Trump Claims ‘Legal Right’ to Interfere in Justice Dept. Cases

WASHINGTON — President Trump asserted Friday that he had the legal right to intervene in federal criminal cases, a day after Attorney General William P. Barr publicly rebuked him for attacks on Justice Department prosecutors and others involved in the case of Roger J. Stone Jr., the president’s longtime friend.

In a morning tweet, Mr. Trump quoted Mr. Barr saying that the president “has never asked me to do anything in a criminal case.” The president said he had “so far chosen” not to interfere in a criminal case even though he insisted that he was not legally bound to do so.

“This doesn’t mean that I do not have, as President, the legal right to do so, I do, but I have so far chosen not to!” he said.

Though he and Mr. Barr both said the president had not directly asked for any specific inquiries, Mr. Trump has long pressured law enforcement officials both publicly and privately to open investigations into political rivals and to drop inquiries. Mr. Trump also pressed former Attorney General Jeff Sessions to retake control of the Russia investigation after he recused himself.

The assertion by the president, which implicitly rejected a request by Mr. Barr to stop tweeting about the department’s cases, adds to the mounting controversy over the decision by senior Justice Department officials to overrule prosecutors who had recommended a seven- to nine-year sentence for Mr. Stone, who was convicted of seven felonies in a bid to obstruct a congressional investigation that threatened the president.

That recommendation infuriated Mr. Trump, who called the department’s handling of the case “a disgrace” and later praised Mr. Barr after his top officials intervened to recommend a lighter sentence for Mr. Stone. The four prosecutors who were overruled resigned from the case in protest; one quit the department entirely.

Seeking to calm the upheaval in his department, Mr. Barr issued a pointed denunciation on Thursday of Mr. Trump’s tweets, which included criticism of the federal judge overseeing the Stone case and even the jury forewoman. Mr.

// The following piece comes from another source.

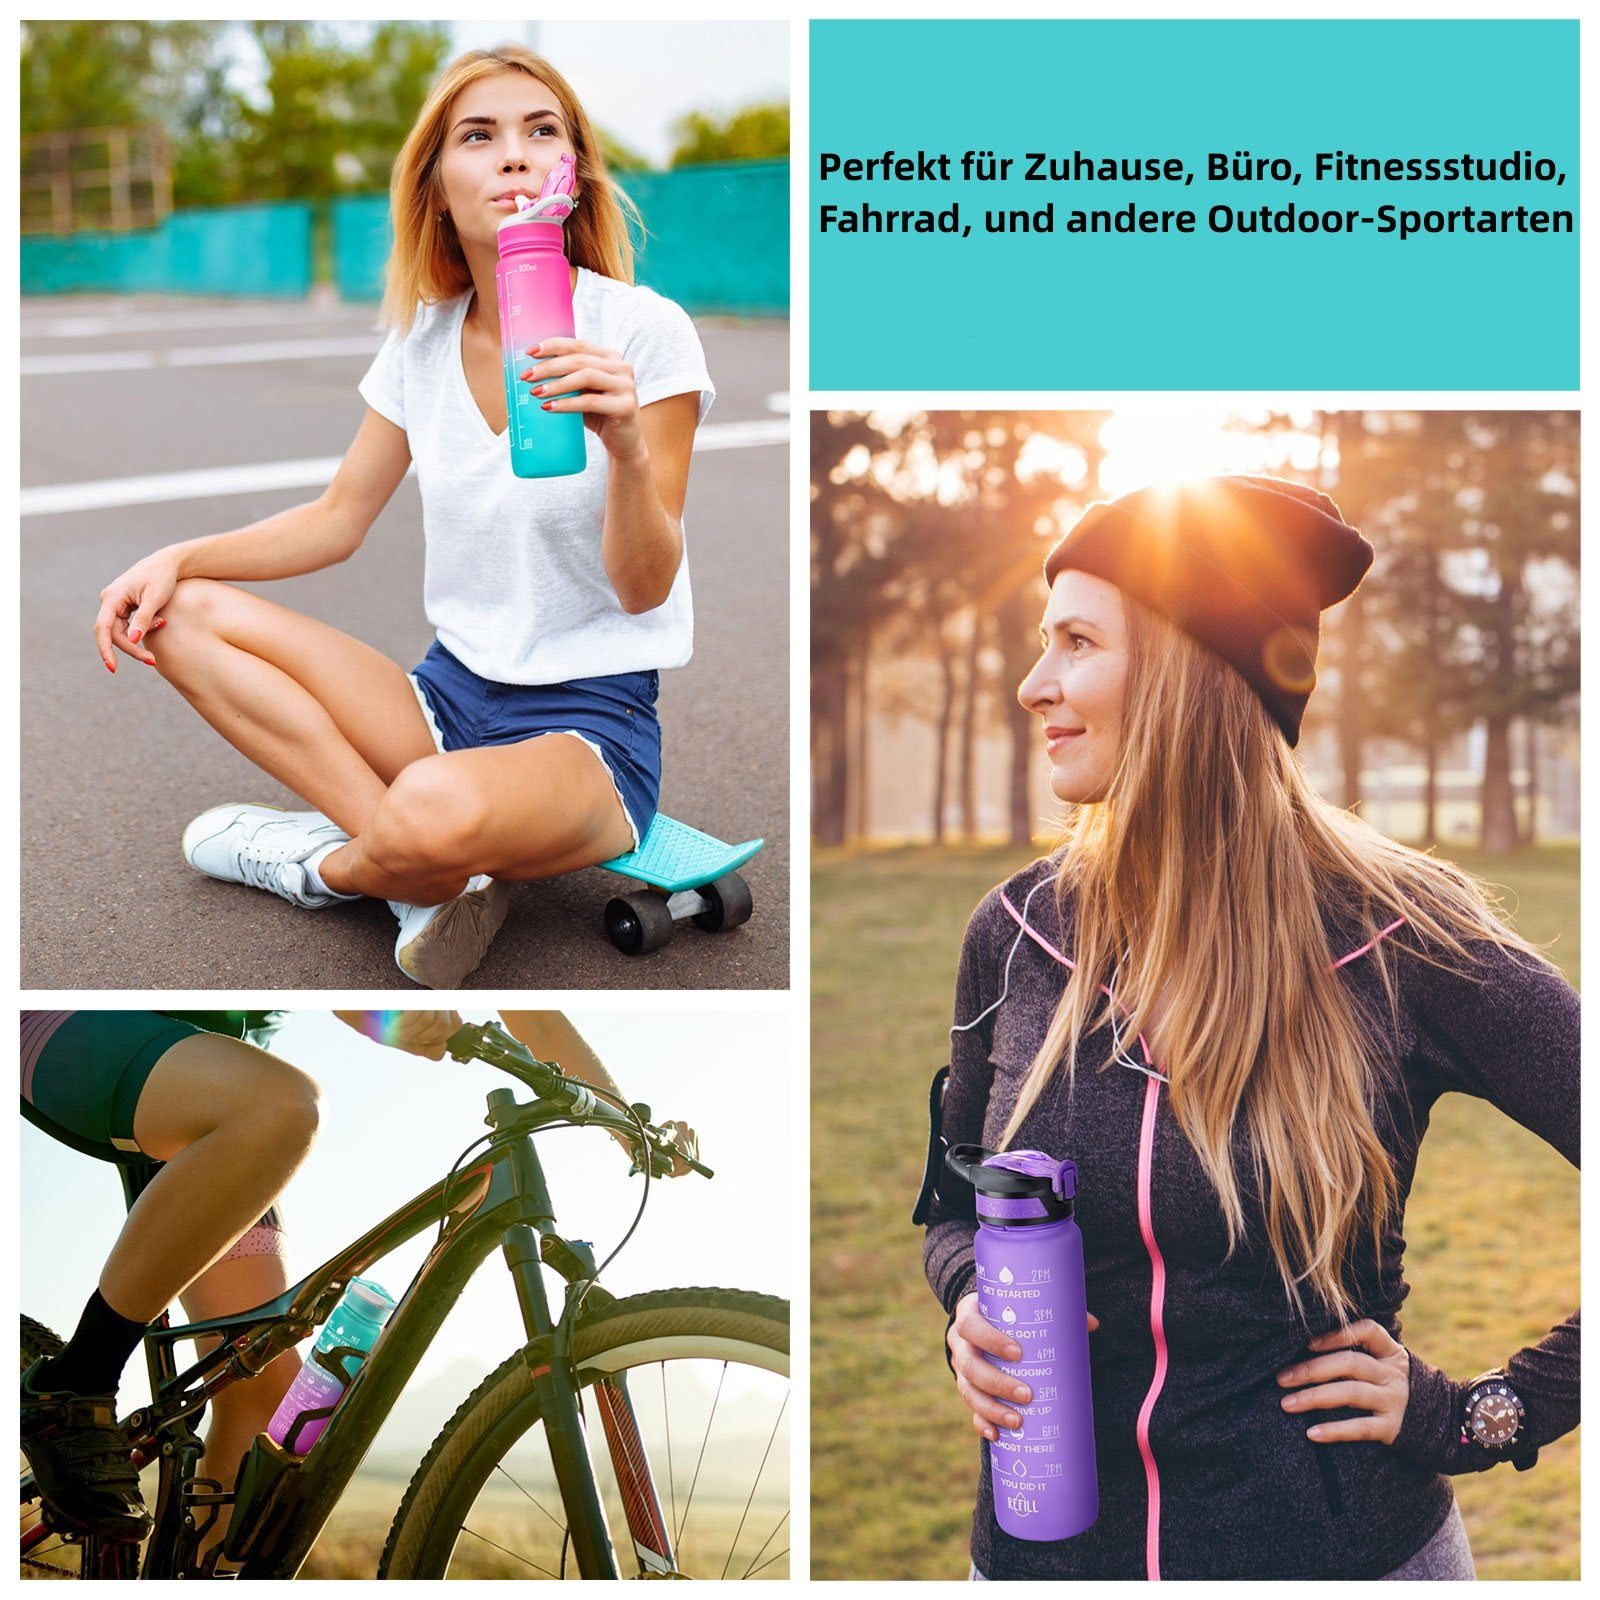 Liter 1L, 1 Wasserflasche Outdoor Wandern Camping Zeitmarkierung und Fitness Trinkflasche Strohhalm Fahrrad Sport Sportflasche BPA-Frei Auslaufsicher Gelb/Grau OKWISH

Barr said the commentary from the president made it “impossible for me to do my job” and insisted that “I’m not going to be bullied or influenced by anybody.”

“I cannot do my job here at the department with a constant background commentary that undercuts me,” said Mr. Barr, who has been one of Mr. Trump’s closest and most reliable allies since taking over at the Justice Department.

Past presidents in both parties have respected long standing traditions that are aimed at preventing political influence from the White House on Justice Department investigations, especially criminal inquiries that involved administration officials or friends of the president. The rules have been in place since the Watergate investigation, in which President Richard M. Nixon sought to pressure the F.B.I.

Mr. Trump has repeatedly ignored those traditions, making contact with F.B.I. officials and communicating with top Justice Department officials through Twitter and in person. His claim in Friday’s tweet that he had “so far chosen” not to interfere in criminal cases is contradicted by a record of his actions during his three years in office.

Robert S. Mueller III, the special counsel in the Russian election interference inquiry, documented numerous instances in which the president sought to impede federal investigators as they examined the activities of Mr. Trump’s White House advisers and former campaign aides in what could be construed as obstruction of justice. In his final report, Mr. Mueller said that Justice Department rules did not allow sitting presidents to be indicted.